The Grand Budapest Hotel (2014)

Having seen all of Wes Anderson’s films one and only one time, there is a roughly upward trend in my appreciation of the works. This could be the result of a director honing his skill, but in the case of Anderson I’m equally willing to accept that this has more to do with my growing awareness and comfort with what Anderson has to offer. What I might have dismissed as quirk and artifice a decade ago becomes escapist delight. This development has taken Anderson from a director I was fairly ambivalent about to one I feel compelled to seek out, yet even with this growth I don’t recognize any of his films as truly great. Even though there are plenty of dark and even emotional moments in his films, I can’t help but view the stories as being like a meringue, light and insubstantial.

The Grand Budapest Hotel is pretty much what I’ve come to expect, for better and worse, from Wes Anderson. It is a solidly entertaining film with marvelous design of spaces, which combined with the cinematography is pure art. Set at the dawn of a fictional equivalent of WWII, this is used more for an establishment of time and place than to say anything about that. Focused on a matter of probate, that is enough to spur dramatic conflict, but again, it is more narrative convenience than thematic key. The most emotionally relevant aspect is the mentor-mentee relationship of M. Gustave (Ralph Finnes) and Zero (Tony Revolori), staff of the titular hotel. Contrasted against the probate issue, it tells of the power of friendship over family. Whether one’s family is nasty, in the case of Madame D. (Tilda Swinton), or deceased, in the case of Zero, those unrelated individuals can rise to the crucial roles that are typically handed to relatives, providing wisdom or comfort. This exists sufficiently to make the film not feel like a completely hollow exercise in style while also not really deviating from the sense of lark in the whole venture. Ultimately, I feel slightly less enthusiastic than I was for Moonrise Kingdom, but it is another very solid effort.

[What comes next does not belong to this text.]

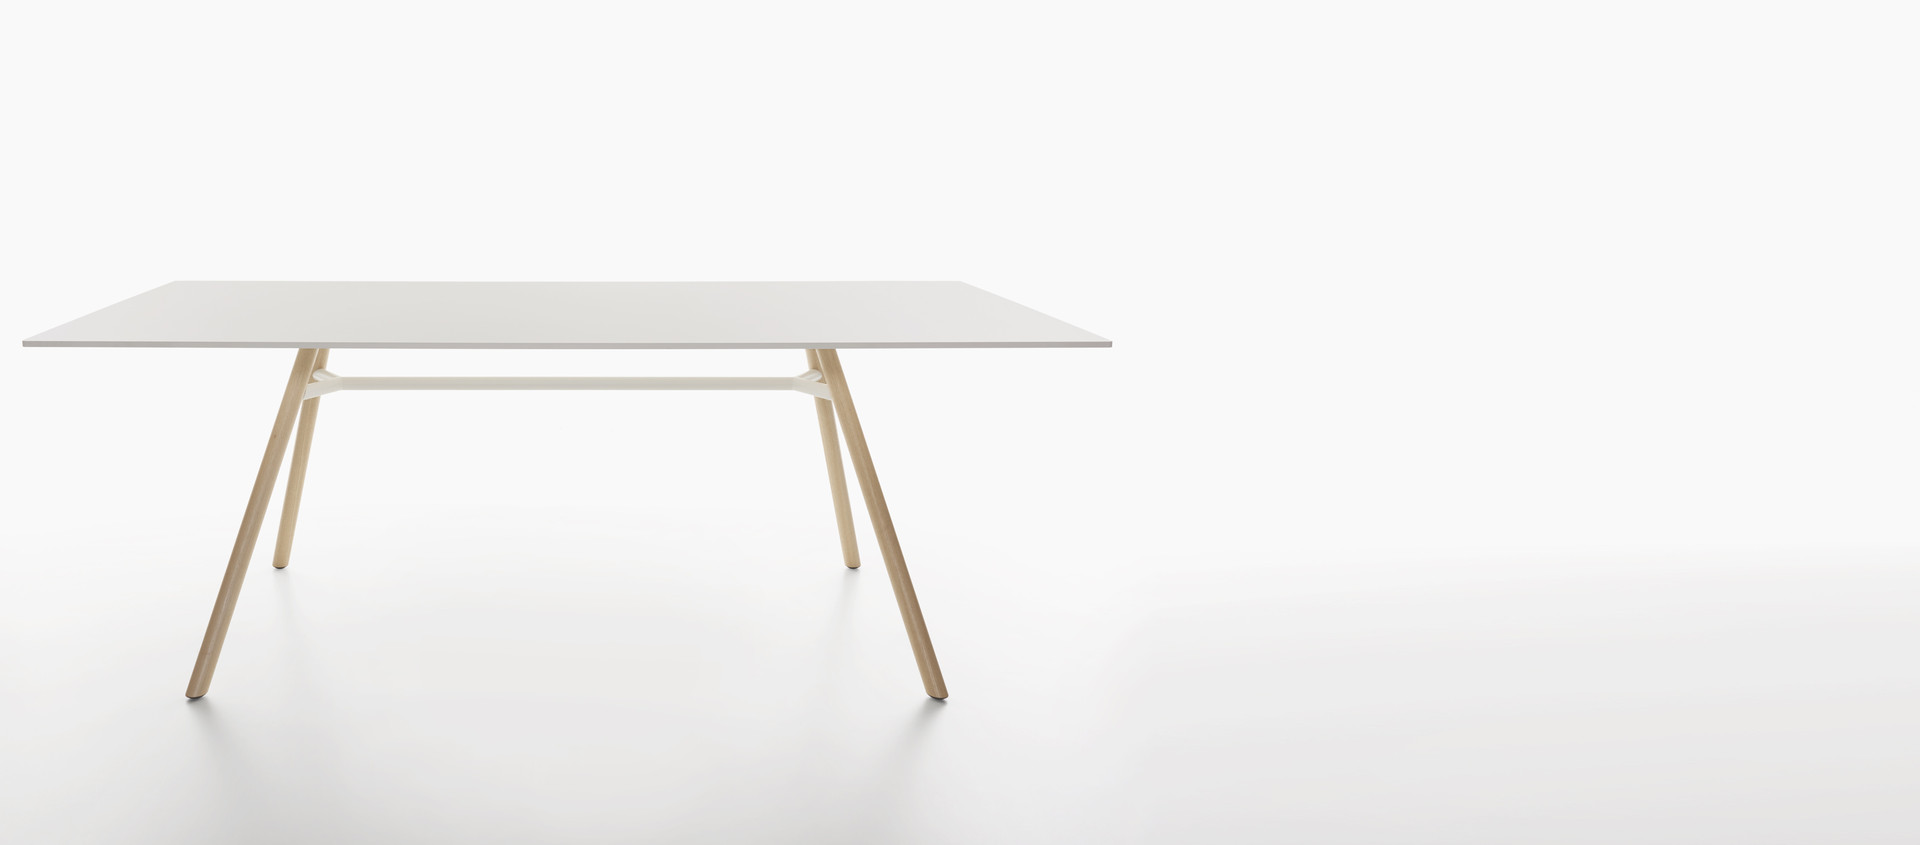 HERO - Plank, MART table, rectangular table top

P.S. Saoirse Ronan for perhaps the first time I’ve seen breaks out of that mold I’d seen her sliding into of always playing slightly ethereal characters that have a certain naivety. Here she plays much more in command of herself and the world around, especially in contrast with Zero. It was nice to see because her talent does seem too great to be pushed into a narrow band of characters.

Muppets Most Wanted (2014)

I was perhaps less enthusiastic about the revival of the Muppets a few years back, though it did have a couple catchy songs, yet sitting through this sequel that narratively jumps off right on the heels of the last made me long for the mostly unbridled joy of that prior film. Taking the show on the road for a world tour under the reins of dubious manager Dominic Badguy (Ricky Gervais), this film mixes in plays on prison and heist films with a bit of espionage in the process. This ends up at a place where it is oddly dark without actually being serious. There are a couple of okay songs but I guess I just like my froth frothier. Even so there were a handful of places where an unexpected and often random joke would catch me and I’d genuinely laugh.

This was all inoffensive enough except for one thing, one of the film’s main running gags relates to the INTERPOL agent (Ty Burrell), trailing a series of art thefts with CIA agent Sam Eagle, being French and thus being really inept via short work hours, long lunches and long vacations. It is an easy joke and further it is kind of immoral. It is the kind of joke moneyed corporate interests promote as being funny because they don’t want people to realize the real disgrace is no mandated paid vacation, no mandated paid sick leave, no mandated paid maternity/paternity leave, weak limits on hours worked and no particular promotion of wages. Aside from these reasonable labor protections that establish a certain human dignity in work, much of the conception about the French and much of Europe is simply not grounded in truth if you study hours worked. Maybe it is petty to get outraged by the politics of a Muppets film, but these little things do affect perceptions and ultimately hurt people. So every time they used this to try to get a laugh, instead I winced. Just as often I checked my watch (figuratively speaking) because ultimately it just wasn’t that fun of a time.